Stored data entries
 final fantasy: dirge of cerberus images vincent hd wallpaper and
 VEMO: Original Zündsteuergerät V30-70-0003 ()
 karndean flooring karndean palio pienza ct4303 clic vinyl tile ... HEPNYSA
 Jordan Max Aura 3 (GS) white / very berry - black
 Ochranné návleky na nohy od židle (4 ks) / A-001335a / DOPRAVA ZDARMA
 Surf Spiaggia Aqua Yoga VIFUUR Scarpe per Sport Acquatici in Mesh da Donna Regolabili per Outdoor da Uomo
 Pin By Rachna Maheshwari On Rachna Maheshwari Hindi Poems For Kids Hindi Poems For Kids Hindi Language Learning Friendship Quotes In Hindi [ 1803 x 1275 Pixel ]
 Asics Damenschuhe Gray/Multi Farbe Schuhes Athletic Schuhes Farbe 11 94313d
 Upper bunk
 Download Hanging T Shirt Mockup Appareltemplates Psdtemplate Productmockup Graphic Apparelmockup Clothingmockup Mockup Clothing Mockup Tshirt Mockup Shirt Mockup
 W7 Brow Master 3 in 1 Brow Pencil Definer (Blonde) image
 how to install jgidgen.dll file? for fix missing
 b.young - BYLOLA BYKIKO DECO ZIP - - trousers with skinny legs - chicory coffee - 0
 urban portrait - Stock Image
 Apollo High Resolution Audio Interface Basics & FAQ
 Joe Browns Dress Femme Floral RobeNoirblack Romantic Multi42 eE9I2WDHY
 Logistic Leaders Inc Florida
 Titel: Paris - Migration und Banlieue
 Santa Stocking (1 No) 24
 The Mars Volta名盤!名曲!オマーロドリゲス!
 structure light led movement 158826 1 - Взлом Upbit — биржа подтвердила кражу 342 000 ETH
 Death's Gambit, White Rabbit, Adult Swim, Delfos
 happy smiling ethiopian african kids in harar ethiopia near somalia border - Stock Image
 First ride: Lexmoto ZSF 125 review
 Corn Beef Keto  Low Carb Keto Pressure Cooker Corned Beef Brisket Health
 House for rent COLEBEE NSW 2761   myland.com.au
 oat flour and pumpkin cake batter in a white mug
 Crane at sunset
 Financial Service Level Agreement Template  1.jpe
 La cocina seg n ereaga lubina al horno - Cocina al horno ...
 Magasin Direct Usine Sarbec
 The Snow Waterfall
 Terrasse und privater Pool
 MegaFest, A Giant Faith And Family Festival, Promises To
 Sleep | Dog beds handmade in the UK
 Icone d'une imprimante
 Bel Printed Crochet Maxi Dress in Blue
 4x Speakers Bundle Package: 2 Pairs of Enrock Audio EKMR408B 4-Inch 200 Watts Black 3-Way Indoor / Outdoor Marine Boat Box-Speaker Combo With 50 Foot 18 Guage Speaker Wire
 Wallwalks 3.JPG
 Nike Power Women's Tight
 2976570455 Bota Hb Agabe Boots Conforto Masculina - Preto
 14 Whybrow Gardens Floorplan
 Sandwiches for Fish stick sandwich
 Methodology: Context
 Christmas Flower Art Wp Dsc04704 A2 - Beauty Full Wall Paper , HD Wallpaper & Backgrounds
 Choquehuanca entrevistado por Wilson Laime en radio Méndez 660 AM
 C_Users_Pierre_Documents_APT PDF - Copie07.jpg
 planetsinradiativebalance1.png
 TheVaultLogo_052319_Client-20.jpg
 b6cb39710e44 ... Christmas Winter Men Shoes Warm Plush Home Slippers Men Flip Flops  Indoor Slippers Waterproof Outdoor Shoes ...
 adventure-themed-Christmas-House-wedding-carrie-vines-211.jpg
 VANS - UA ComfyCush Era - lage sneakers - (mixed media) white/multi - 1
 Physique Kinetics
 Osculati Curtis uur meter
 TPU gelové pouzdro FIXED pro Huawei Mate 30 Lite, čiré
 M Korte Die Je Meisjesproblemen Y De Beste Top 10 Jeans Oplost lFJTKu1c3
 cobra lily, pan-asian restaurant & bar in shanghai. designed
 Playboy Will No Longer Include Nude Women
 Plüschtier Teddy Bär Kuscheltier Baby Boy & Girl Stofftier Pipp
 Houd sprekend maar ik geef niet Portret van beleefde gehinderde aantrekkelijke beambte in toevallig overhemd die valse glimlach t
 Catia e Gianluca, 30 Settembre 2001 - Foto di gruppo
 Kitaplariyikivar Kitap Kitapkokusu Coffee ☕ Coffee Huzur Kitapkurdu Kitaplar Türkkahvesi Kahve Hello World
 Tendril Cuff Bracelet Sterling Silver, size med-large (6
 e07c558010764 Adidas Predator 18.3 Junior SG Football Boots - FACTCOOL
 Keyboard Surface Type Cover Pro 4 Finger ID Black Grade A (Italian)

◆ Work to be completed ◆
Return exactly what appears above, from the first line of the entries to the line with "Apollo High Resolution", inclusive.

◆ Completed exercise ◆
 final fantasy: dirge of cerberus images vincent hd wallpaper and
 VEMO: Original Zündsteuergerät V30-70-0003 ()
 karndean flooring karndean palio pienza ct4303 clic vinyl tile ... HEPNYSA
 Jordan Max Aura 3 (GS) white / very berry - black
 Ochranné návleky na nohy od židle (4 ks) / A-001335a / DOPRAVA ZDARMA
 Surf Spiaggia Aqua Yoga VIFUUR Scarpe per Sport Acquatici in Mesh da Donna Regolabili per Outdoor da Uomo
 Pin By Rachna Maheshwari On Rachna Maheshwari Hindi Poems For Kids Hindi Poems For Kids Hindi Language Learning Friendship Quotes In Hindi [ 1803 x 1275 Pixel ]
 Asics Damenschuhe Gray/Multi Farbe Schuhes Athletic Schuhes Farbe 11 94313d
 Upper bunk
 Download Hanging T Shirt Mockup Appareltemplates Psdtemplate Productmockup Graphic Apparelmockup Clothingmockup Mockup Clothing Mockup Tshirt Mockup Shirt Mockup
 W7 Brow Master 3 in 1 Brow Pencil Definer (Blonde) image
 how to install jgidgen.dll file? for fix missing
 b.young - BYLOLA BYKIKO DECO ZIP - - trousers with skinny legs - chicory coffee - 0
 urban portrait - Stock Image
 Apollo High Resolution Audio Interface Basics & FAQ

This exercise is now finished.